The records:
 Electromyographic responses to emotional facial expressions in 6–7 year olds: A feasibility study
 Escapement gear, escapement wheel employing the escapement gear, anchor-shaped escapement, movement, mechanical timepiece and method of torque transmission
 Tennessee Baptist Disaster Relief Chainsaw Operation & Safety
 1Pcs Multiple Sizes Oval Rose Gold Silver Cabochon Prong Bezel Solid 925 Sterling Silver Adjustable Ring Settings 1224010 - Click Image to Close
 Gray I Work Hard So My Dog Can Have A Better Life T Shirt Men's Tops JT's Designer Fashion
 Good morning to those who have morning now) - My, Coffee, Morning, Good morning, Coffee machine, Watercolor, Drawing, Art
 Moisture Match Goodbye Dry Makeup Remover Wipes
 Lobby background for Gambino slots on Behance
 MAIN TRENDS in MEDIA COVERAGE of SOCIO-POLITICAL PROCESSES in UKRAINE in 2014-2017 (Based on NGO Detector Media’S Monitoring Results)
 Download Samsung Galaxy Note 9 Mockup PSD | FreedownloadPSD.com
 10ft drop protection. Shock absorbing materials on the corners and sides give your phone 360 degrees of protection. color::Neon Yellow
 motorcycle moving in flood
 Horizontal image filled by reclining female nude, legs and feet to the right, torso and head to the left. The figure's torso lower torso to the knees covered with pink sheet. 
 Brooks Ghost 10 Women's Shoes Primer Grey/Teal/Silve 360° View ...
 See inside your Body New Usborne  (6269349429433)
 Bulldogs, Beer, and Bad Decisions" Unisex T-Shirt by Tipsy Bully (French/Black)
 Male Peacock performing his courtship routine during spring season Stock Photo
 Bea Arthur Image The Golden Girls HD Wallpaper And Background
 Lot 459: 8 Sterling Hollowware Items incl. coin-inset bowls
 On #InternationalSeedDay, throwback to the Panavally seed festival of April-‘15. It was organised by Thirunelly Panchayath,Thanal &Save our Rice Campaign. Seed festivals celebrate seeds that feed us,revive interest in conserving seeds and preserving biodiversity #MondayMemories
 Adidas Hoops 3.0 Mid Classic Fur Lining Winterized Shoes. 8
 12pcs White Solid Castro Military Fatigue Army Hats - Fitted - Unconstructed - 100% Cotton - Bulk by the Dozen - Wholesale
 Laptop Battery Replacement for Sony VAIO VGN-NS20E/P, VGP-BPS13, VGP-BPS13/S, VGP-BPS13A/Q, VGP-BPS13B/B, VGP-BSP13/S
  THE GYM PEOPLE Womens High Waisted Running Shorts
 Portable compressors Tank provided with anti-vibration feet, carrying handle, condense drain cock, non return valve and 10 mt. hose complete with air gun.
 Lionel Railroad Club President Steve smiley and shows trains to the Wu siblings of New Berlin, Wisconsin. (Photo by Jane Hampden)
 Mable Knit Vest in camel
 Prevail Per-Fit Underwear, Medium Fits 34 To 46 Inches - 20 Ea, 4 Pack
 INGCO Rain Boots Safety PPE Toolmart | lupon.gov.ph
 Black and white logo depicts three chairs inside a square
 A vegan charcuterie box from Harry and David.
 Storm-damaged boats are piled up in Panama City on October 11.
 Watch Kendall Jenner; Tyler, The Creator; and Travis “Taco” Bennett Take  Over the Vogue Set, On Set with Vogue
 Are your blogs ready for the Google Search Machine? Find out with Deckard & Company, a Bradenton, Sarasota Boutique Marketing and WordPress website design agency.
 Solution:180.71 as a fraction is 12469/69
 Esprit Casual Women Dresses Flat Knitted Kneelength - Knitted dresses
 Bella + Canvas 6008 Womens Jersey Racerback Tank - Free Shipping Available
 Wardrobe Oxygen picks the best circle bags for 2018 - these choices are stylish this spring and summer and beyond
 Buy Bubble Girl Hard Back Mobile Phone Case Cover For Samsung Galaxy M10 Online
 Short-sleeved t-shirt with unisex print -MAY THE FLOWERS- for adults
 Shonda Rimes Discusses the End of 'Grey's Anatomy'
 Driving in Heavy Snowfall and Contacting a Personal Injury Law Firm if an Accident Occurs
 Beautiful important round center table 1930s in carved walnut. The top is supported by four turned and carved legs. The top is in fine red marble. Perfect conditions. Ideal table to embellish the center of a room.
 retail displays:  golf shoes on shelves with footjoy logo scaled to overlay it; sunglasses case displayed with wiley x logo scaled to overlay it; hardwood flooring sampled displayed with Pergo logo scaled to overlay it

What you need to do:
Everything starting at the line containing "10ft drop protection." and ending at the line containing "Watch Kendall Jenner;" in the records above should be repeated exactly, and only that.

Task solution:
 10ft drop protection. Shock absorbing materials on the corners and sides give your phone 360 degrees of protection. color::Neon Yellow
 motorcycle moving in flood
 Horizontal image filled by reclining female nude, legs and feet to the right, torso and head to the left. The figure's torso lower torso to the knees covered with pink sheet. 
 Brooks Ghost 10 Women's Shoes Primer Grey/Teal/Silve 360° View ...
 See inside your Body New Usborne  (6269349429433)
 Bulldogs, Beer, and Bad Decisions" Unisex T-Shirt by Tipsy Bully (French/Black)
 Male Peacock performing his courtship routine during spring season Stock Photo
 Bea Arthur Image The Golden Girls HD Wallpaper And Background
 Lot 459: 8 Sterling Hollowware Items incl. coin-inset bowls
 On #InternationalSeedDay, throwback to the Panavally seed festival of April-‘15. It was organised by Thirunelly Panchayath,Thanal &Save our Rice Campaign. Seed festivals celebrate seeds that feed us,revive interest in conserving seeds and preserving biodiversity #MondayMemories
 Adidas Hoops 3.0 Mid Classic Fur Lining Winterized Shoes. 8
 12pcs White Solid Castro Military Fatigue Army Hats - Fitted - Unconstructed - 100% Cotton - Bulk by the Dozen - Wholesale
 Laptop Battery Replacement for Sony VAIO VGN-NS20E/P, VGP-BPS13, VGP-BPS13/S, VGP-BPS13A/Q, VGP-BPS13B/B, VGP-BSP13/S
  THE GYM PEOPLE Womens High Waisted Running Shorts
 Portable compressors Tank provided with anti-vibration feet, carrying handle, condense drain cock, non return valve and 10 mt. hose complete with air gun.
 Lionel Railroad Club President Steve smiley and shows trains to the Wu siblings of New Berlin, Wisconsin. (Photo by Jane Hampden)
 Mable Knit Vest in camel
 Prevail Per-Fit Underwear, Medium Fits 34 To 46 Inches - 20 Ea, 4 Pack
 INGCO Rain Boots Safety PPE Toolmart | lupon.gov.ph
 Black and white logo depicts three chairs inside a square
 A vegan charcuterie box from Harry and David.
 Storm-damaged boats are piled up in Panama City on October 11.
 Watch Kendall Jenner; Tyler, The Creator; and Travis “Taco” Bennett Take  Over the Vogue Set, On Set with Vogue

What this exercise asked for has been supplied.